We don't play favorites between roja and verde versions of chilaquiles, but with hash browns the salsa verde has been our mainstay and the best fit in terms of consistency and flavor. While we're still running all over Austin exploring the plethora of amazing chilaquiles at local taquerias, for breakfast at home "papaquiles" remains one of our very favorites.

Saturday, February 4, 2012

Double dipping.

Feta and spinach dip... it's what Wheat Thins® crave. © Ryan Schierling
A great many of you hold a special place in your heart (and stomach) for our three-ingredient, 24-hour caramelized onion dip. It was the second-most popular Foie Gras Hot Dog read of 2011 and "Chips, dips and dorks" is still one of my favorite posts ever (though I have formally apologized to Starkey for calling his eating pony-sized horseshoes at D'Arcy's Pint half-assed).

It was exactly this time last year we unleashed that dip, just in time for the big football match. Event? Football game? Game. (Hockey fan, forgive me.)

There aren't too many other dip recipes in circulation in our household. Of course, we do make queso, because if you live in Texas and don't make queso, you run the risk of being branded a communist and the state will come and take your babies away. But that's a recipe for another day, and this is one of our new faves.
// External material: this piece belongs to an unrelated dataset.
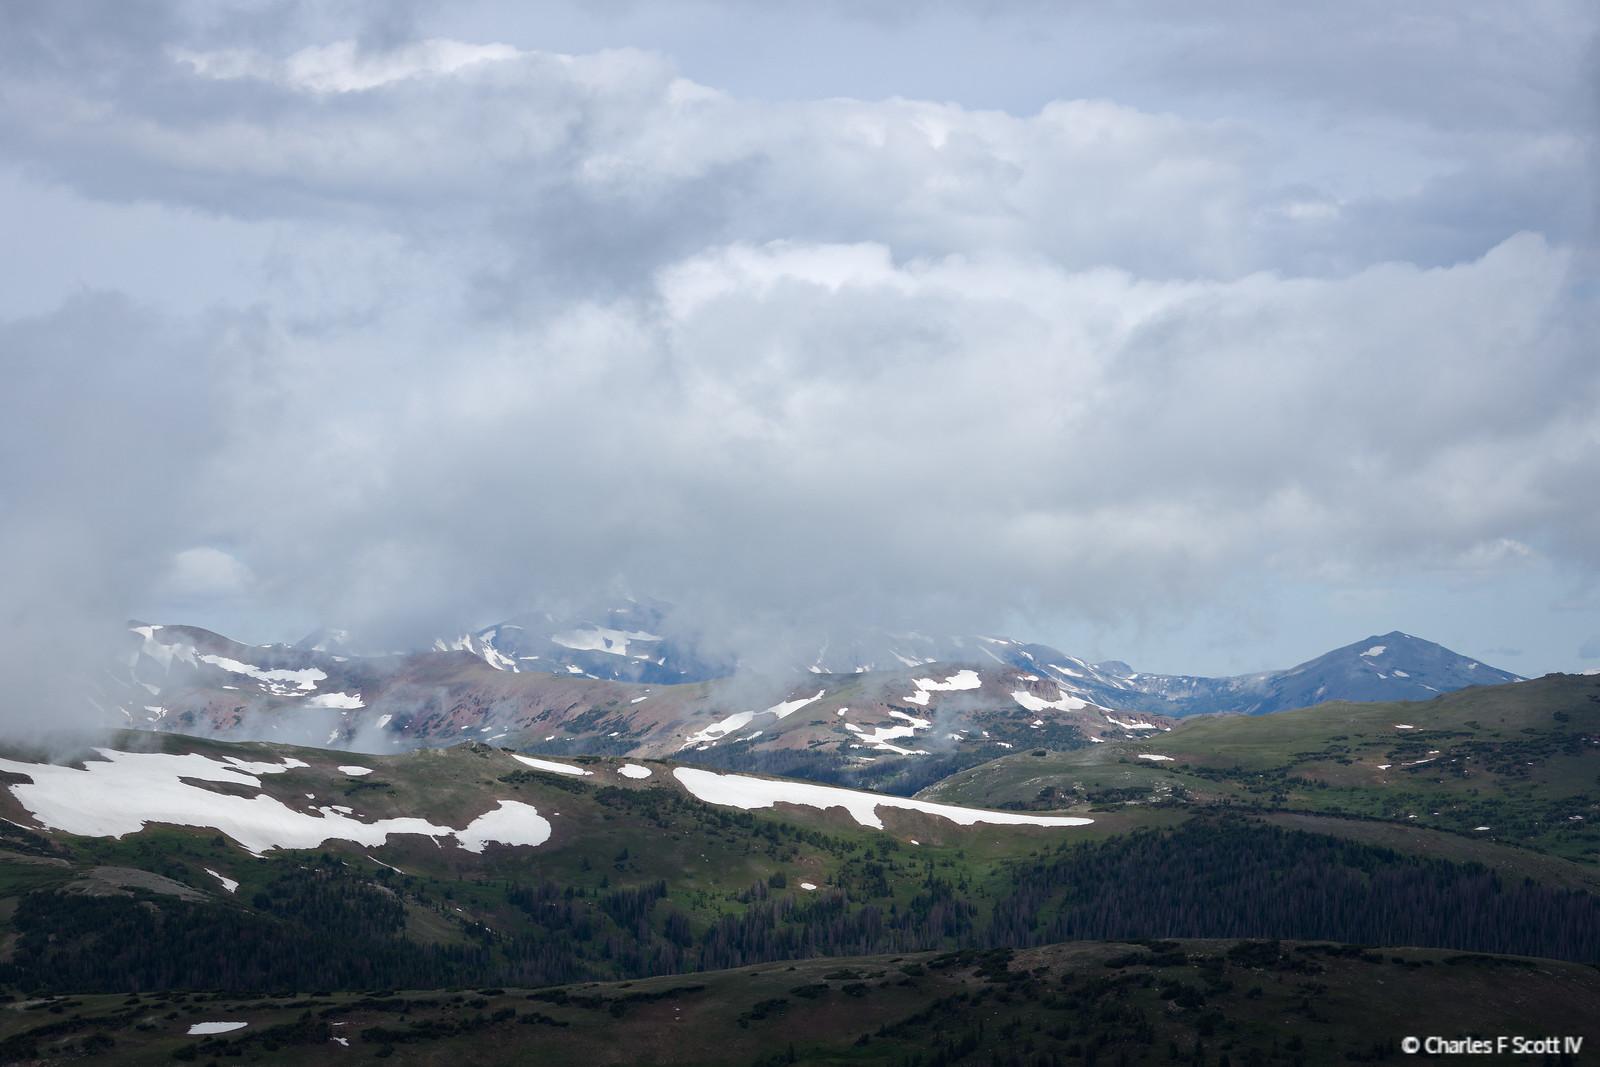 IMAGE: https://photos.smugmug.com/Public/2019-Colorado/i-B2wzTHW/0/f22d4a89/X3/20190725-2955-X3.jpg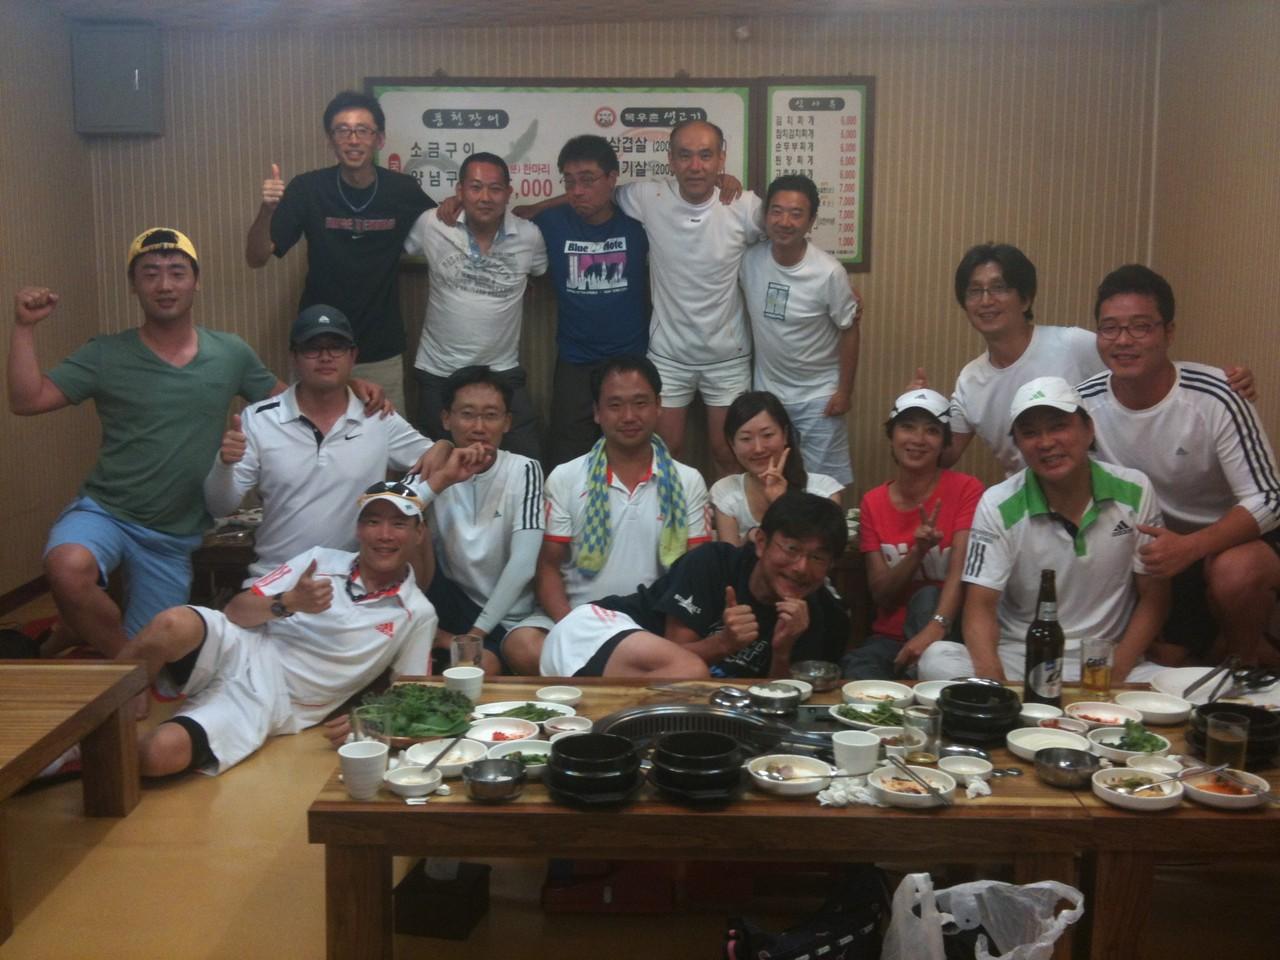 2012年7月 ラブ・フォーティTCとの練習試合後の宴会、盛り上がりました^^

Frustrated with countless bad versions of spinach-artichoke hot-mess, I started at zero and made things up as I went along. Now, there is no cream cheese, no artichokes, no gooey, bubbling lava that congeals into a lumpy, grey cheese brick after 10 minutes out of the oven. This is a simple, delicious and easy-to-make recipe with – like our onion dip – only three ingredients. Unlike our onion dip, it only takes about 15 minutes. And, you know what? It's pretty, too.


Feta and spinach dip

1 10 ounce package frozen chopped spinach, cooked, with all liquid squeezed out
16 ounces sour cream
12 ounces of the best fresh feta cheese in brine you can find – this will not work with that dry, pre-crumbled crap you buy in plastic tubs at the grocer (we use Bulgarian sheep feta from Phoenecia here in Austin)
1 tablespoon crushed red pepper flakes

In a small covered saucepan over medium-low heat, cook the frozen spinach in a bit of water until done. Drain the spinach in a colander and squeeze out all remaining liquid. Put the spinach into a food processor, add the sour cream and crumble in the feta cheese. Add a tablespoon of crushed red pepper flakes and whiz until well mixed. Serve with a sprinkle of crushed red pepper flakes on top and a side of Wheat Thins. (I chose Wheat Thins® because the slight sweetness of the cracker works ridiculously well with the rich, tangy and salty flavors of the dip. If you want veg, carrot sticks work really well.)